╭─ Collected data
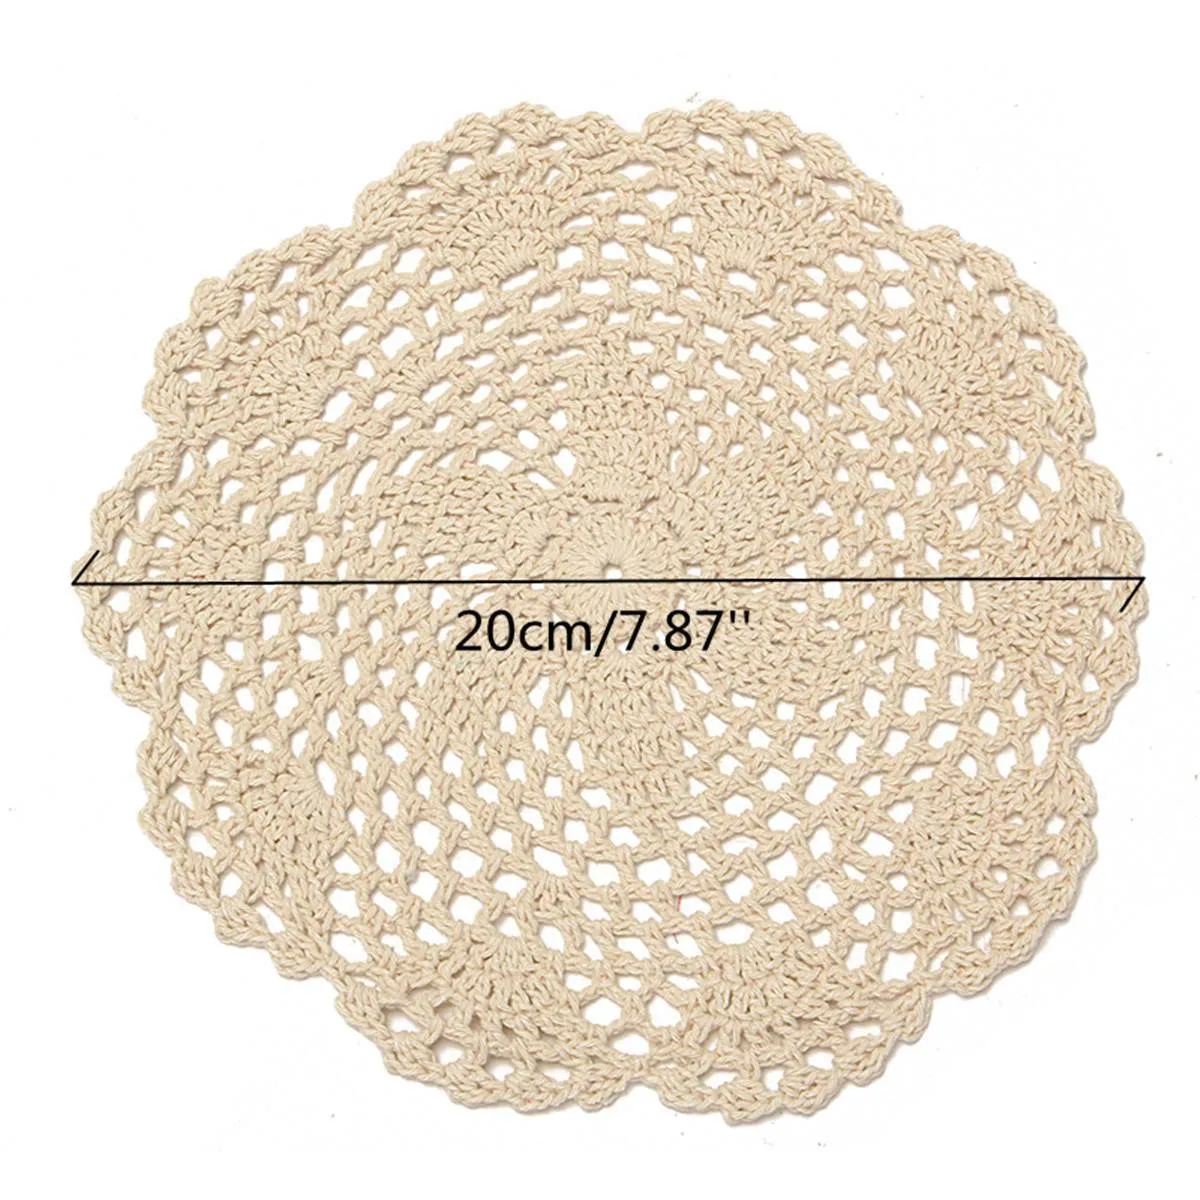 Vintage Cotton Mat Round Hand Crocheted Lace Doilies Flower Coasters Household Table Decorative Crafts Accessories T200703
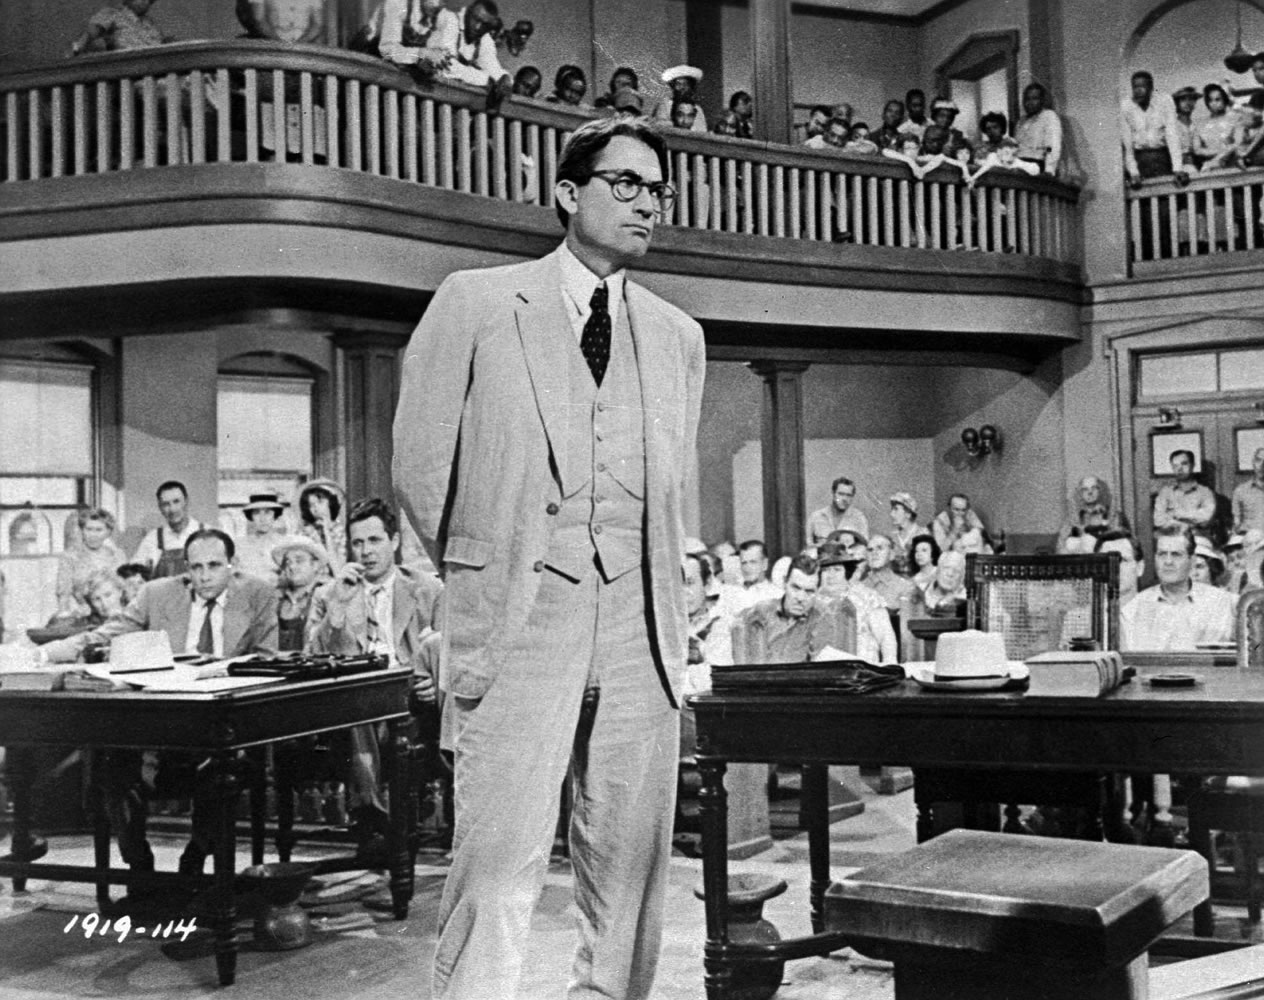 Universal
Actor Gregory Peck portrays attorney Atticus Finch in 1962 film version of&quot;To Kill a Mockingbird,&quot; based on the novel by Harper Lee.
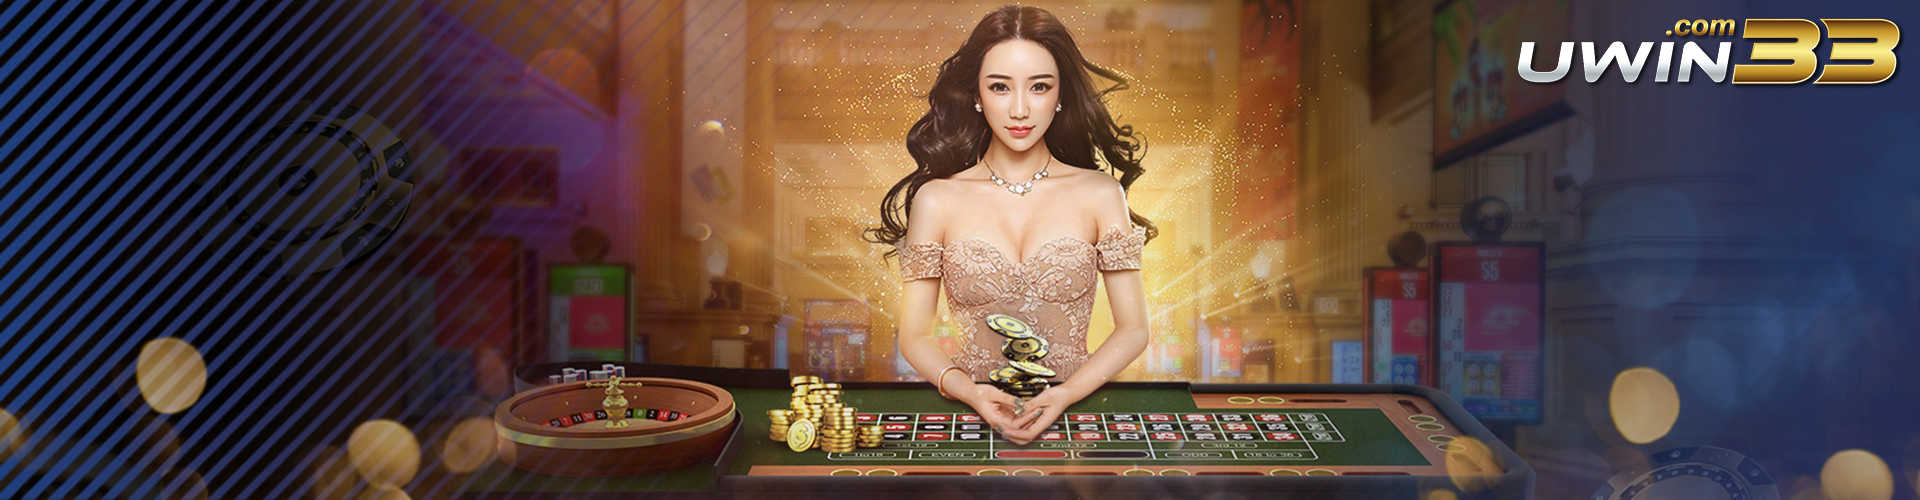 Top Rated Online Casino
╰─
Return an exact copy of the data above, apart from any pictures.

 Vintage Cotton Mat Round Hand Crocheted Lace Doilies Flower Coasters Household Table Decorative Crafts Accessories T200703
 Universal
Actor Gregory Peck portrays attorney Atticus Finch in 1962 film version of&quot;To Kill a Mockingbird,&quot; based on the novel by Harper Lee.
 Top Rated Online Casino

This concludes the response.